-- Dataset section --
:::

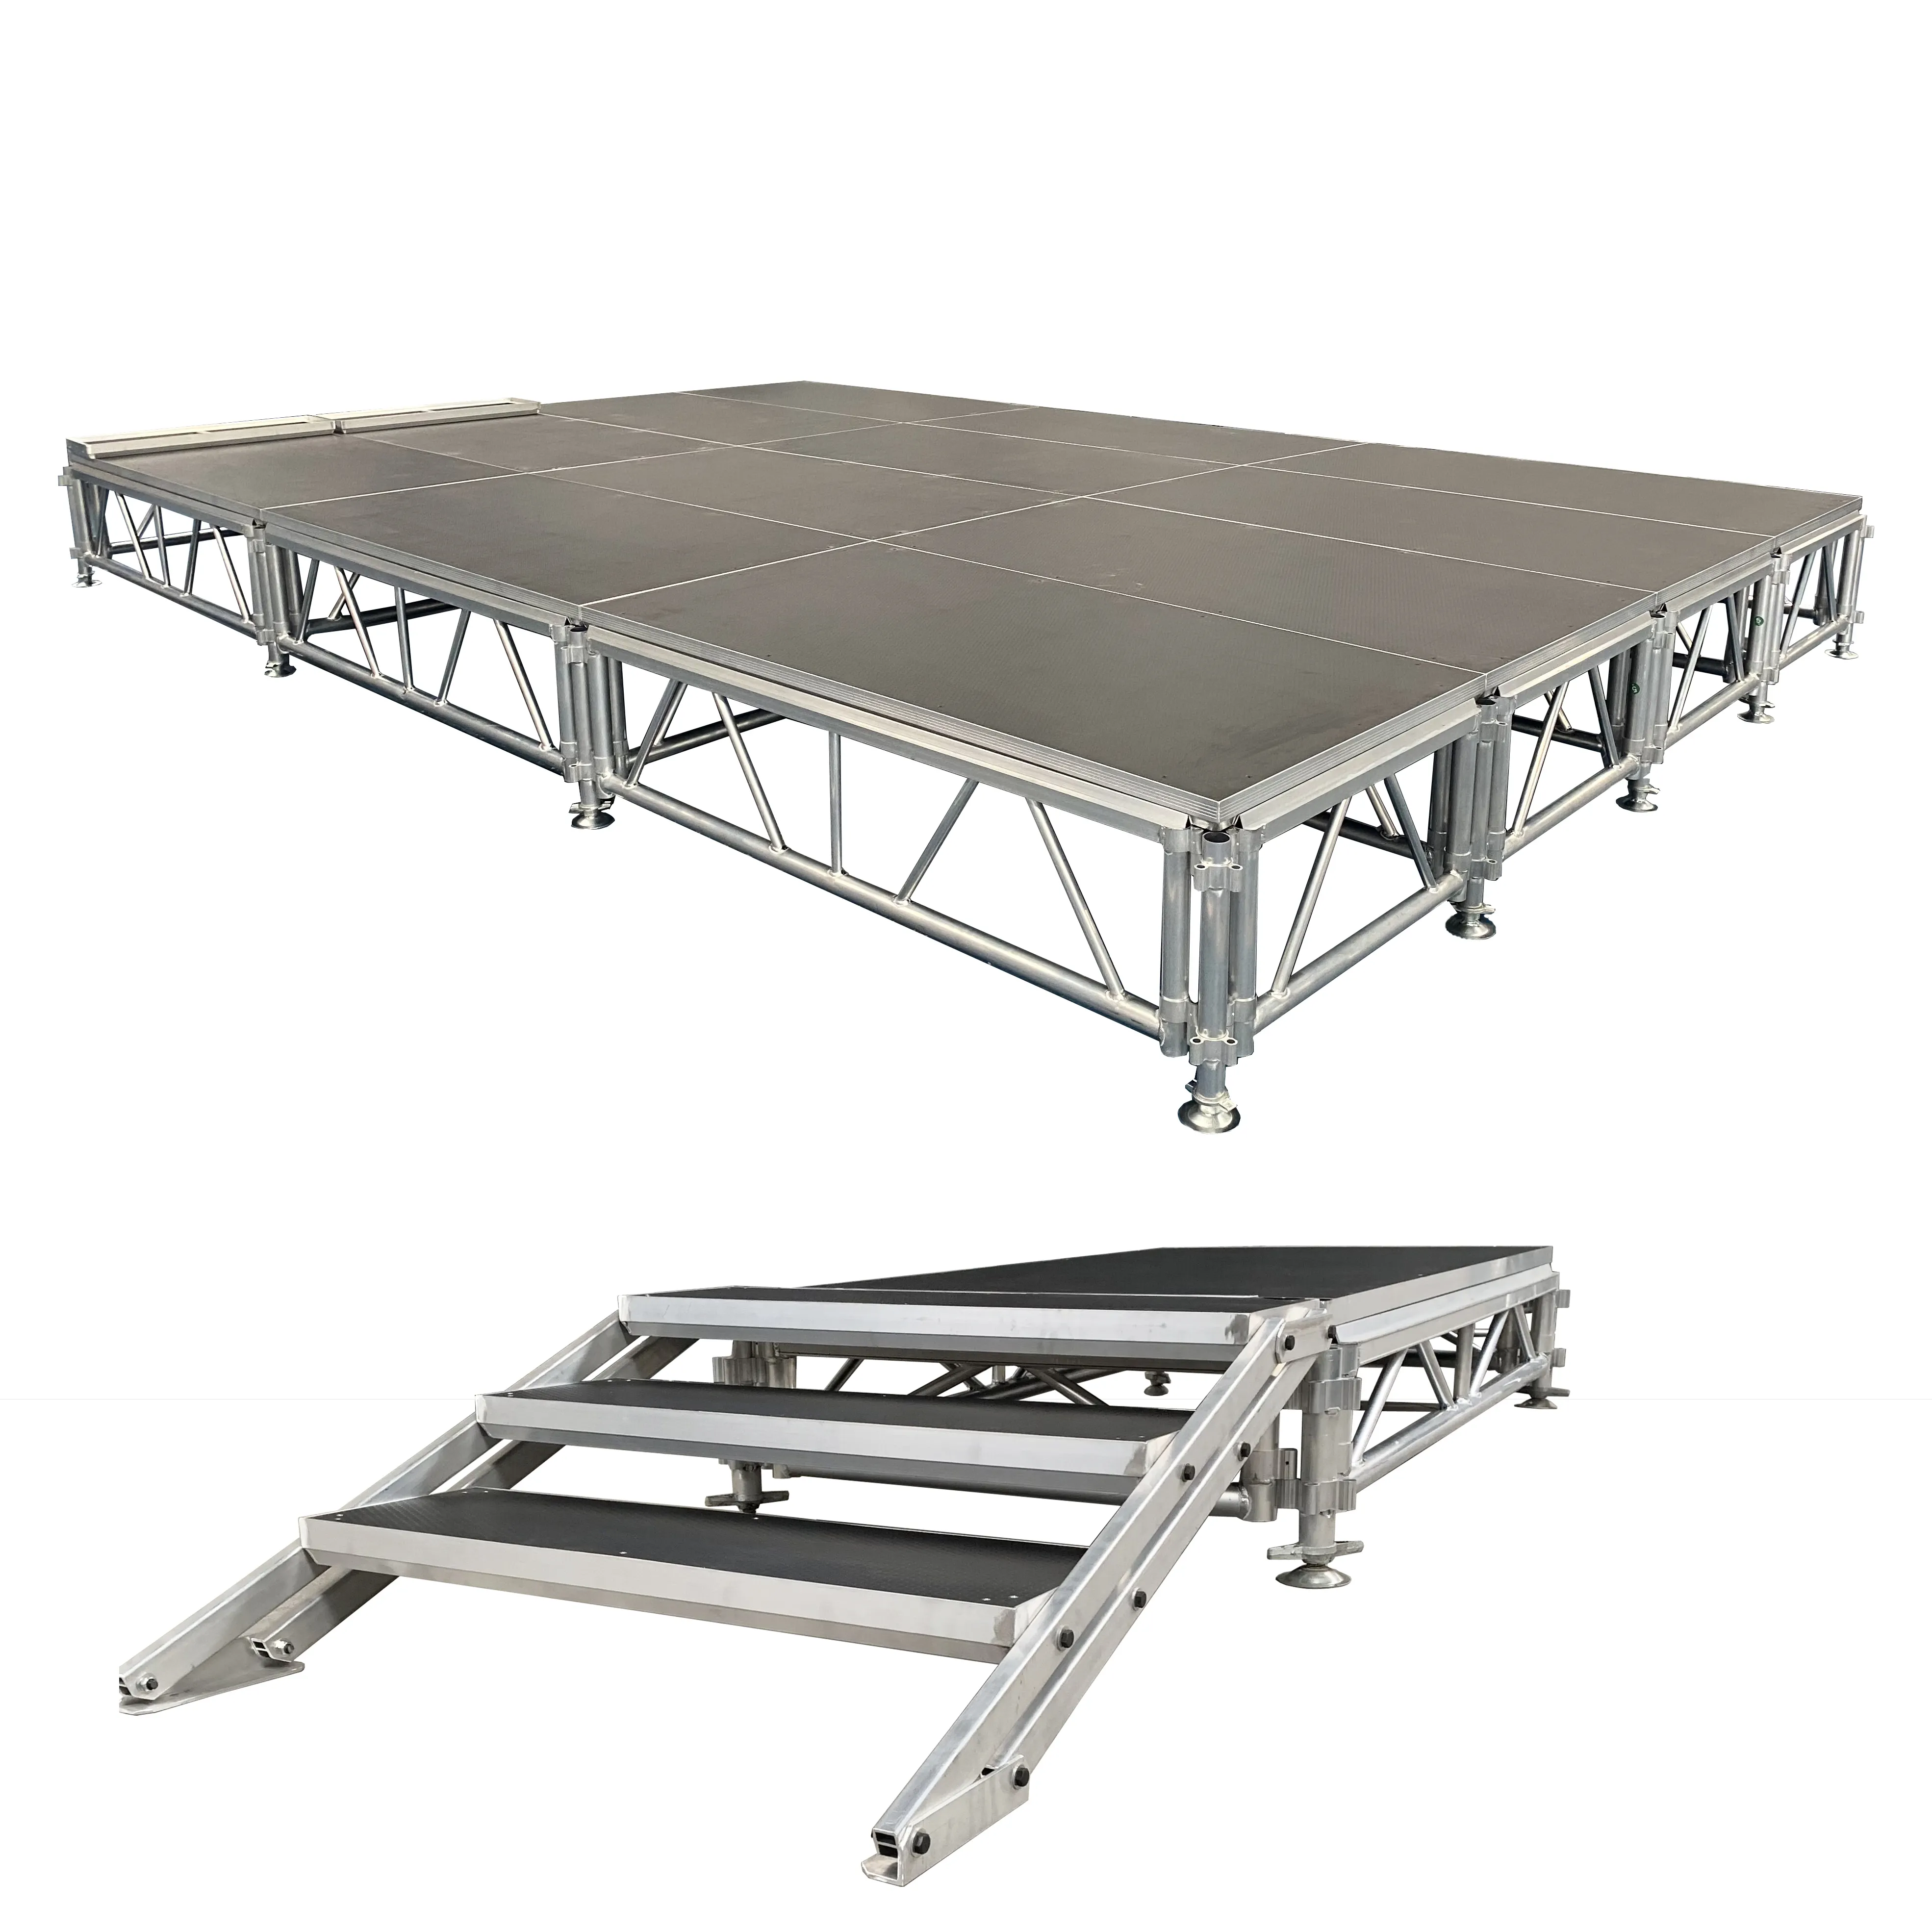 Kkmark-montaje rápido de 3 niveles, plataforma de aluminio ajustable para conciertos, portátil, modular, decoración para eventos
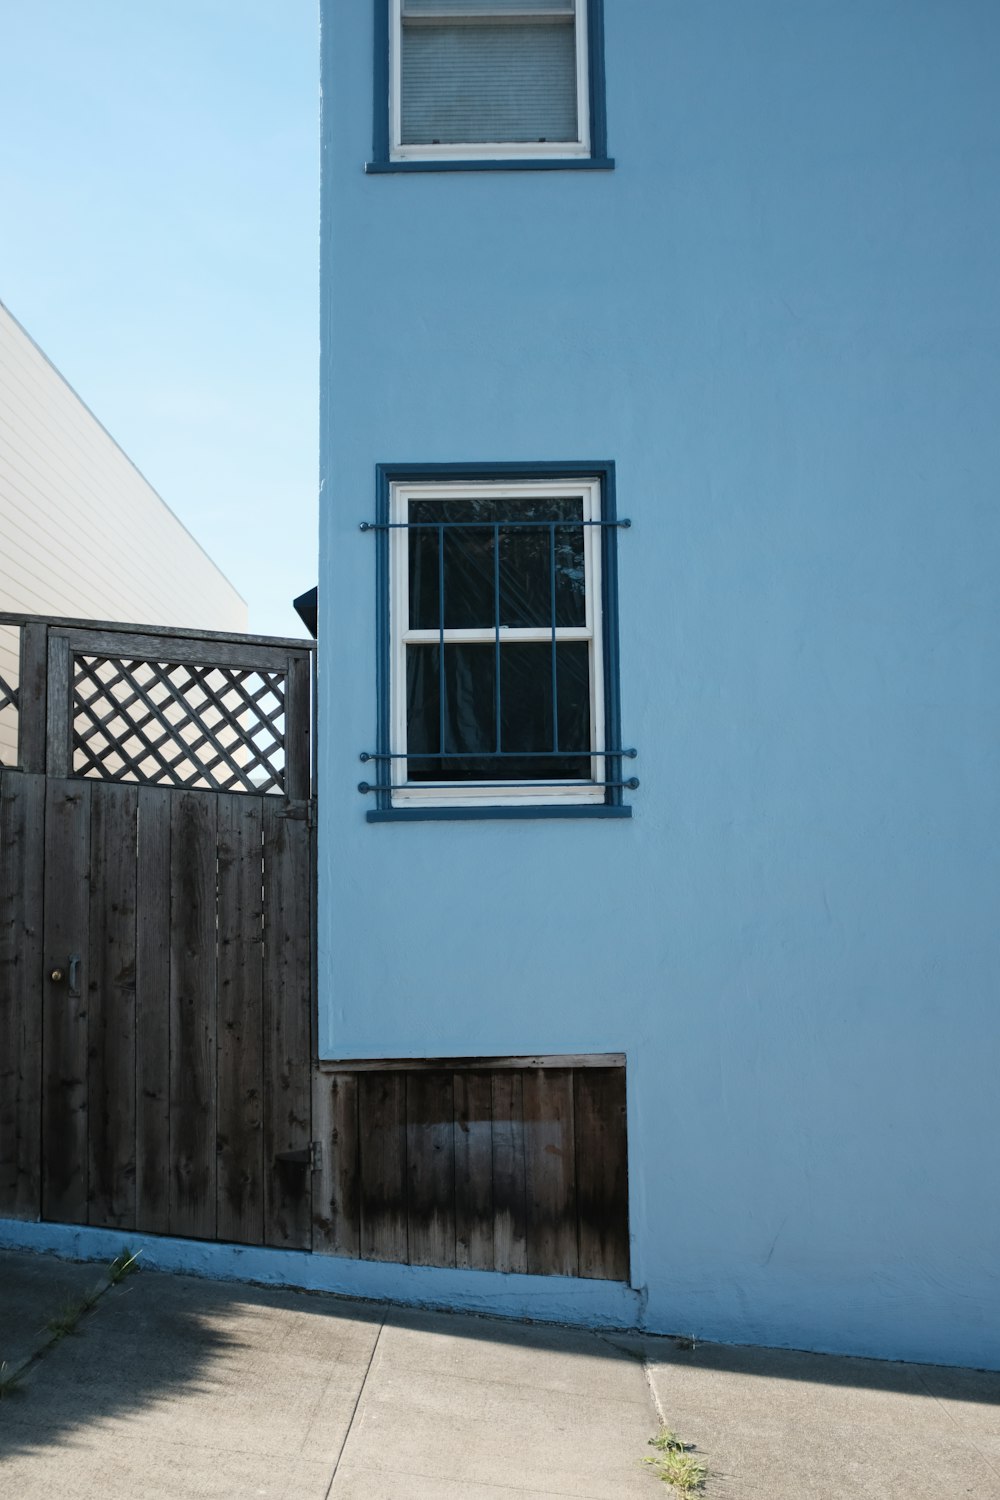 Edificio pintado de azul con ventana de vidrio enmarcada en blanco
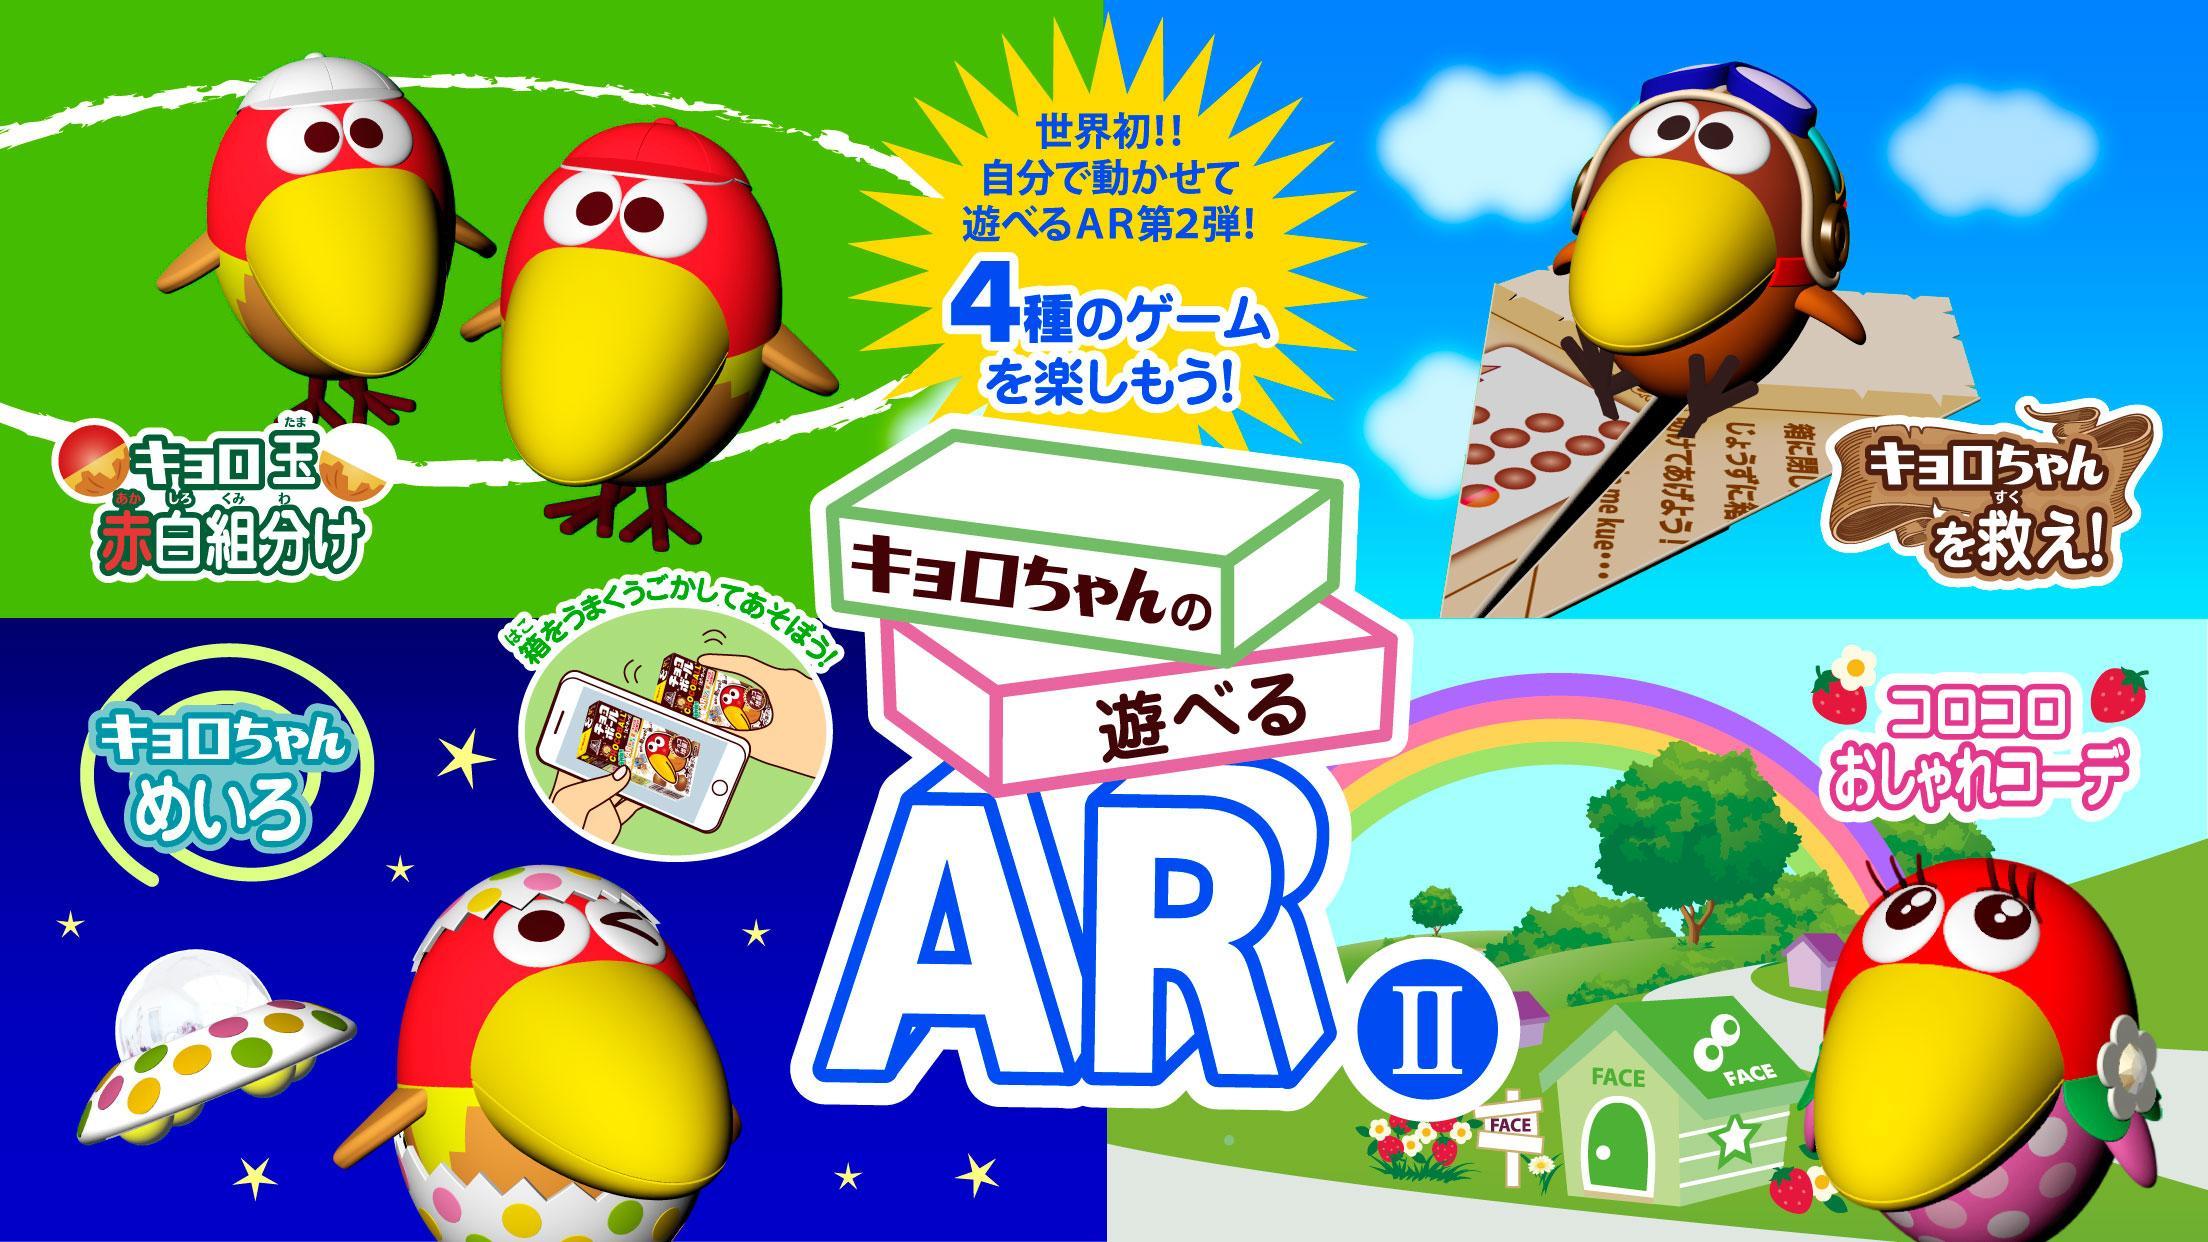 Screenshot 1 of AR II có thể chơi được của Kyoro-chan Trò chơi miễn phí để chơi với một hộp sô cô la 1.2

:::

-- Try it --
Beginning with the line that holds "Edificio pintado de", write out exactly the lines down to the end of the material above, and no others. Pictures are not part of the copy.

-- Response area --
 Edificio pintado de azul con ventana de vidrio enmarcada en blanco
 Screenshot 1 of AR II có thể chơi được của Kyoro-chan Trò chơi miễn phí để chơi với một hộp sô cô la 1.2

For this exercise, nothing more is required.